POCUS in Renal Failure
Ray and I have been teaching bedside ultrasound to the medical students at NOSM for the last couple of years. I taught them Renal/Bladder EDE last month. Kudos to Andrew Skinner from St. Paul’s in Vancouver for creating the powerpoint. I added measurement of the kidney in the long axis to the Renal part of the talk. One should measure the longest axis obtainable. If it is below 9 cm, then it’s a definite positive. This cutoff is set at a level that is very specific, but it gives up a bit of sensitivity.
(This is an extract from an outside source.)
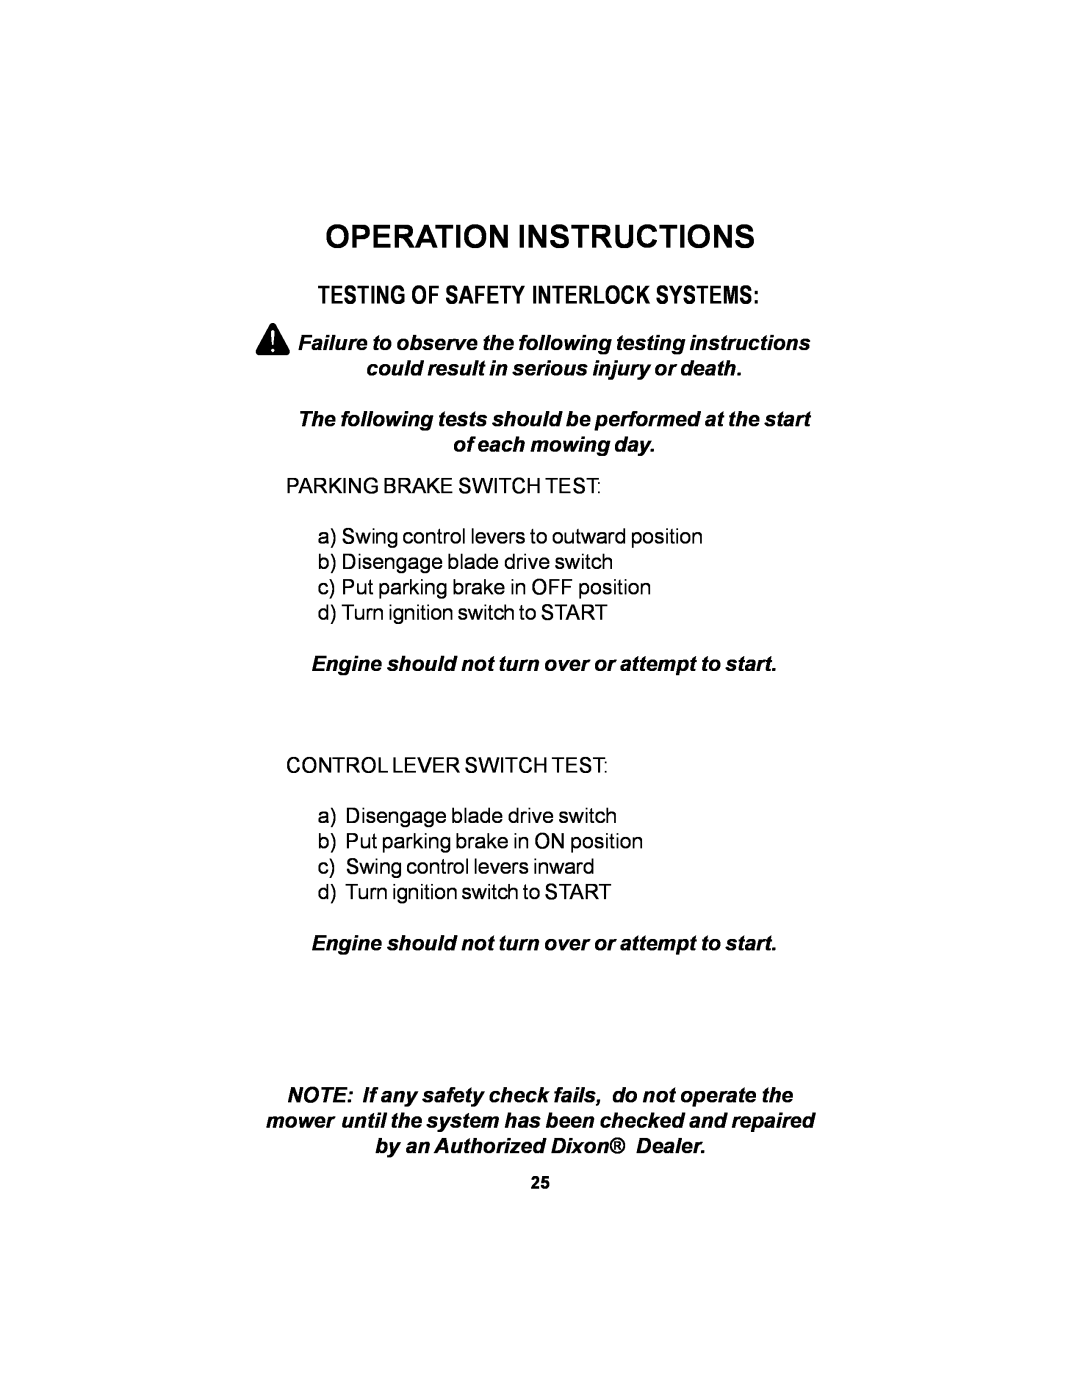 Dixon Black Bear manual Testing Of Safety Interlock Systems, Operation Instructions

There is some variability around this number. Women and smaller people have smaller kidneys. Kidneys normally get smaller with age as well. One indication for measuring the kidney would be in the setting of acute and previously unknown renal failure. Look for a distended bladder and hydro to rule out post-renal failure. Do IVC and cardiac EDE to add data points to your assessment of possible pre-renal failure. And if the kidney is normal in size, then that is one data point against chronic renal failure (CRF) and suggests a purely acute intrinsic cause. See the image for an example of a small kidney. You’ll notice that the black part of the kidney (cortex/medulla) also gets thinner with CRF.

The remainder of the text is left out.